To begin with what might seem an emotional and emotive point, it was said by more than one speaker, including the noble Lord, Lord Hennessy, this morning, that the NHS is the nearest thing that this country has to institutionalised altruism. That is surely right. It is equally right that the NHS is a part of our national life, of which we can be deeply proud. At its best, which is often, it delivers high-quality excellent care. The investment made by the previous Government has contributed significantly to that.
A number of noble Lords asked why, therefore, the Government’s reforms are needed at all. Part of the answer to that is about the clear imperative around the quality of care, about which the noble Lord, Lord Darzi, and my noble friend Lord Black spoke so powerfully. Indeed, we have excellent care in the NHS, but sadly this is not universal. The variations in quality and outcomes and longevity around the country are too great for us to sit back and do very little. But there is another less visible reason. In a sense, the need for reform is not about how excellent the NHS may be today; it is about our making sure that in five, 10 and 20 years’ time the NHS is still there as a sustainable public service, free at the point of use, delivering the care that we all want it to.
The financial challenge facing the NHS is acute. We have protected its budget in real terms, but that is not going to be enough to meet demand from an ageing and growing population unless we take some radical steps to simplify and streamline the NHS architecture and to free up the service from central control in a way that will drive innovation and productivity as never before. That is the purpose of these reforms and this Bill. It is not just about today; it is about safeguarding the future. If I had one criticism of some of the contributions from the Benches opposite it was of their failure to acknowledge the scale of the financial and quality challenge that now faces us. Money will no longer grow on trees in the NHS; we have to think out of the box. So we are seizing on the evidence of what works in order to drive quality—namely, empowering commissioners. We are cutting the cost of NHS administration by one third, and we are trusting the men and women of the health service—including, incidentally, our many excellent managers—to deliver what we know they can, which is an even better service for their patients. And make no mistake—there are doctors and nurses and managers out there who are keen to get to grips with this. Yes, of course, there are many who have no appetite for change, and there are many critics and doubters. But I have met so many clinicians that I cannot count them, who believe that what we are doing is right, and who are being inspired by these reforms to lead the way in the local pathfinder groups and in local authorities.

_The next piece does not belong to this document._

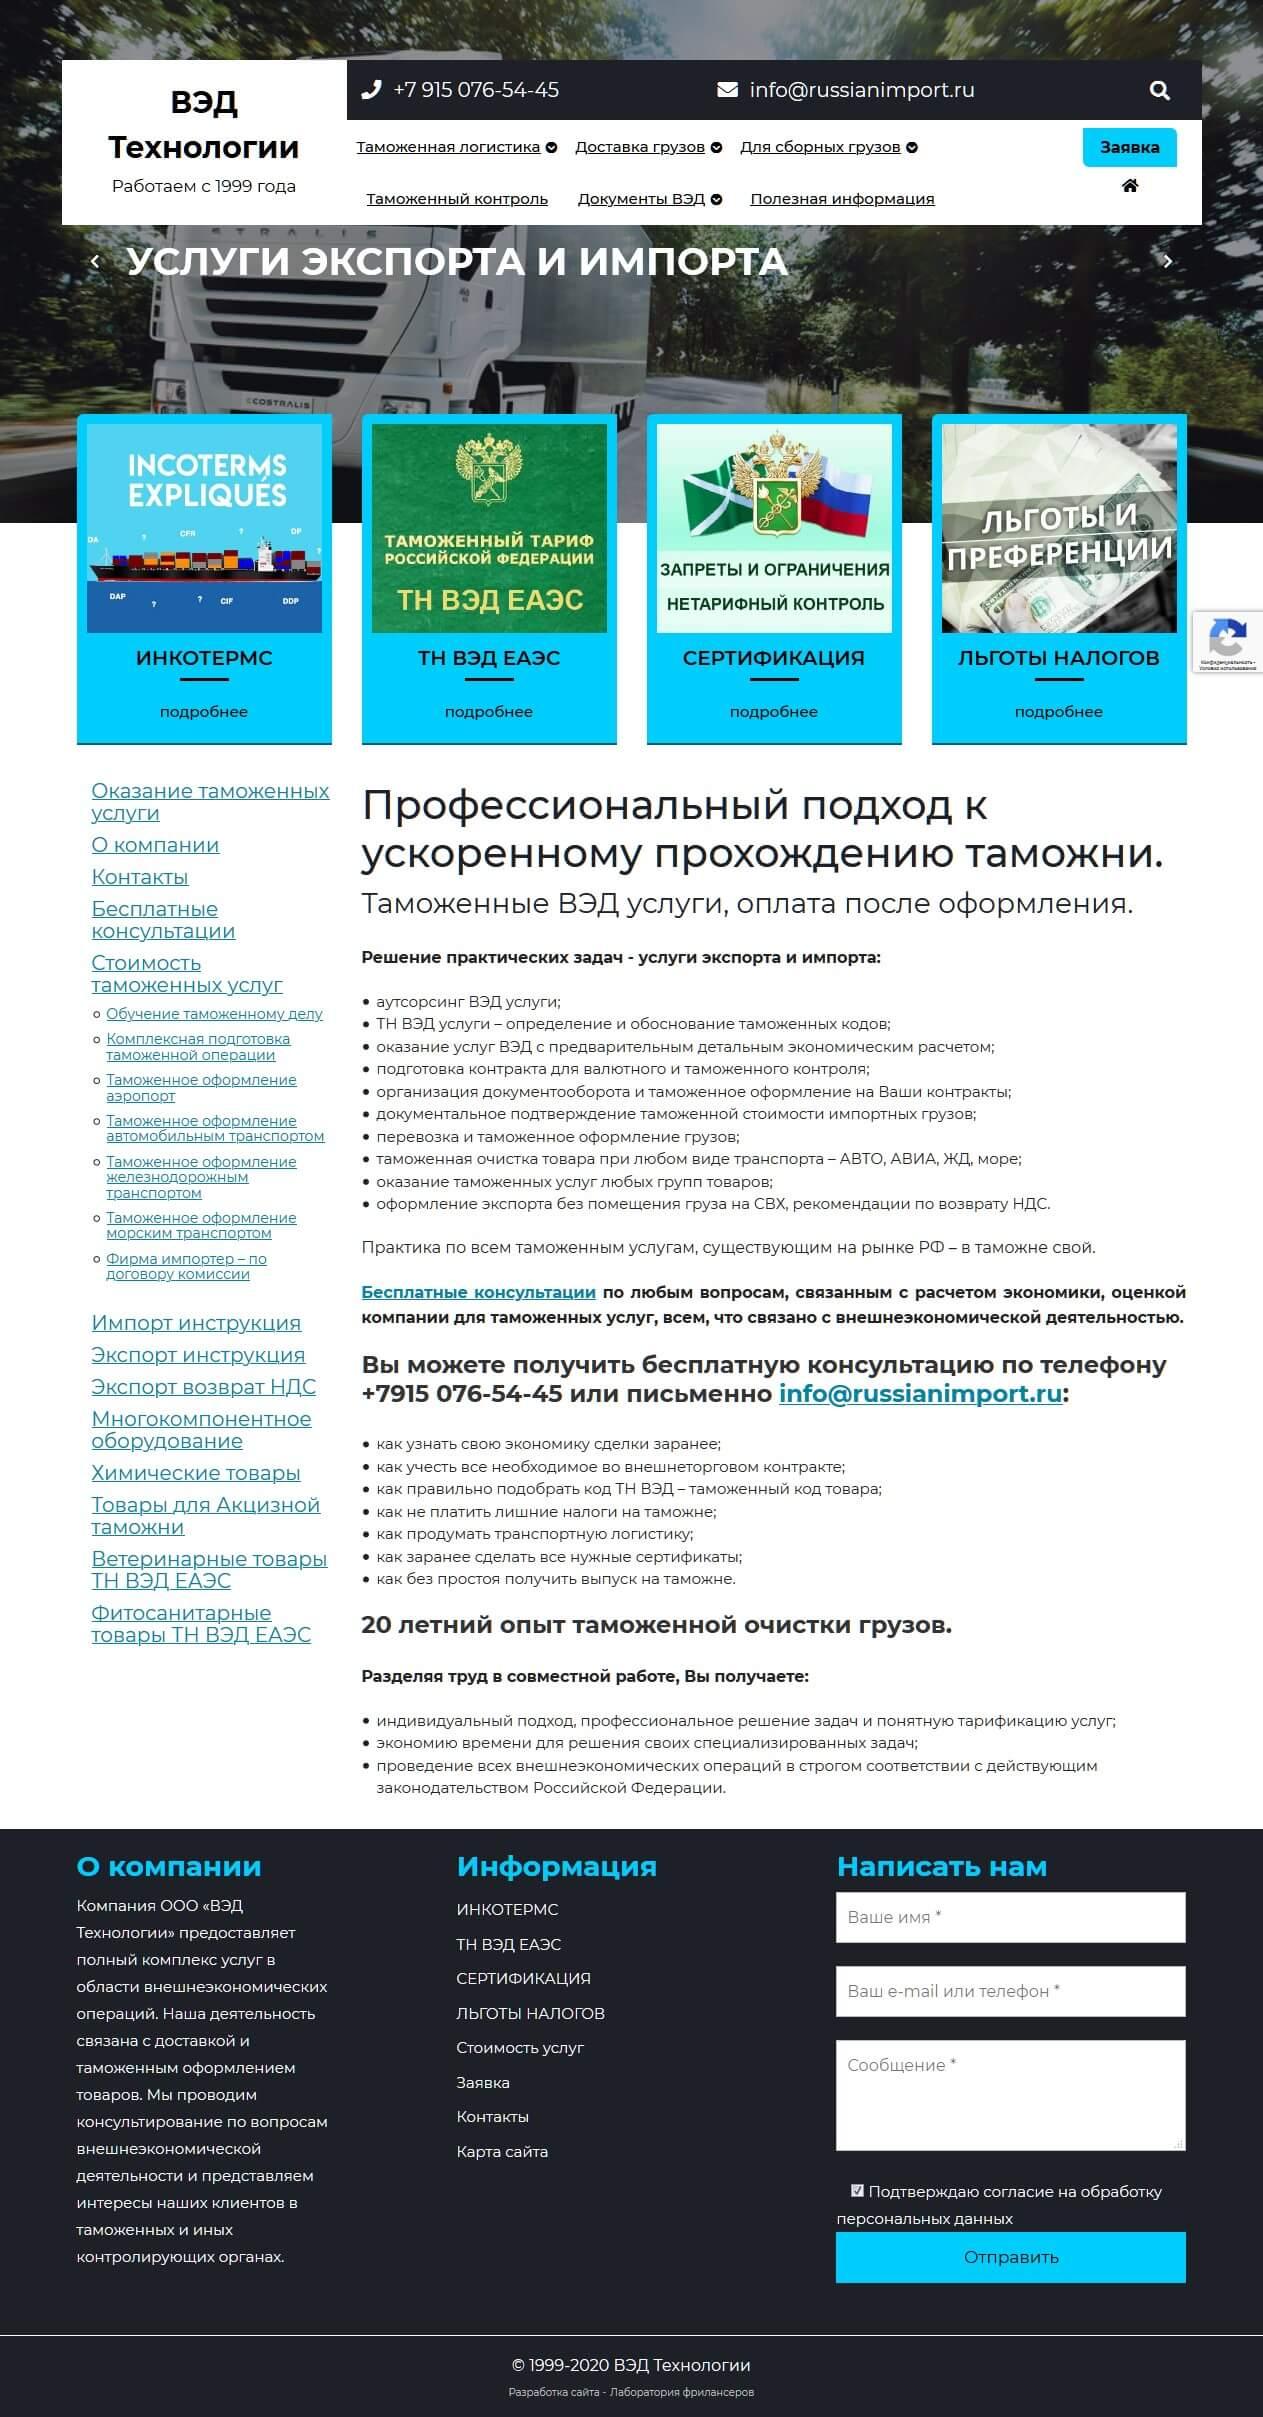 portfolio-russianimport
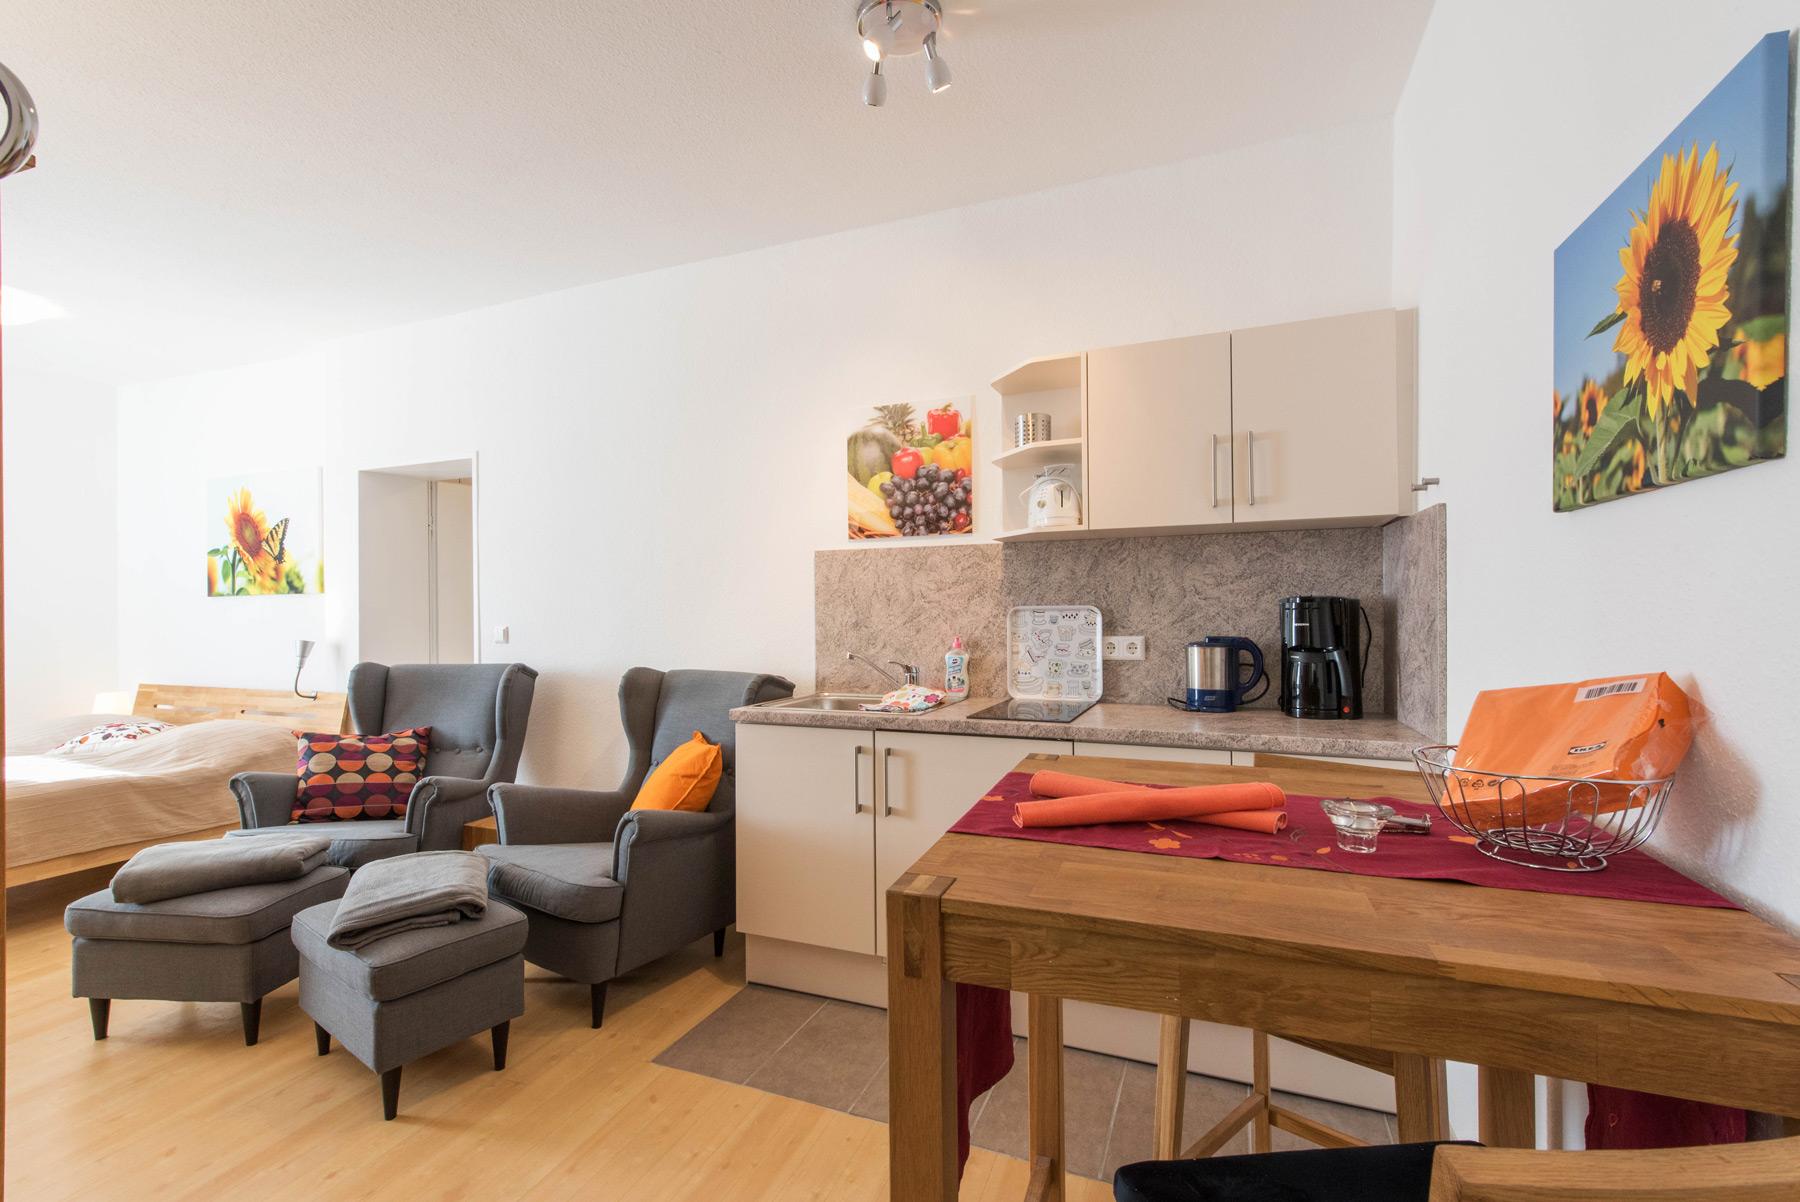 mieten sie jetzt unsere ferienwohnung 5 f r ihren urlaub auf norderney. Black Bedroom Furniture Sets. Home Design Ideas

The NHS needs continual renewal. It has never stood still, and it cannot do so now. The noble Lord, Lord Darzi, put it perfectly when he said:
“To believe in the NHS is to believe in its reform”.
Many speakers, most prominently my noble friend Lady Williams and the noble Baroness, Lady Jay, have spoken about accountability in the role of the Secretary of State. For me, the debate on this topic crystallised into two issues. A number of speakers aligned themselves with the Select Committee on the Constitution in questioning why we have removed the Secretary of State’s duty to provide. There has been concern that this means that the Minister’s ultimate accountability for the NHS is in some way diluted. I can reassure the House that this is not so. A change as pointed out by several noble Lords, including the noble Lord, Lord Warner, and my noble friend Lady Bottomley, as well as the noble Baroness, Lady Murphy, is to reflect a fact which has been the case for many years; namely, that the Secretary of State does not directly provide services himself.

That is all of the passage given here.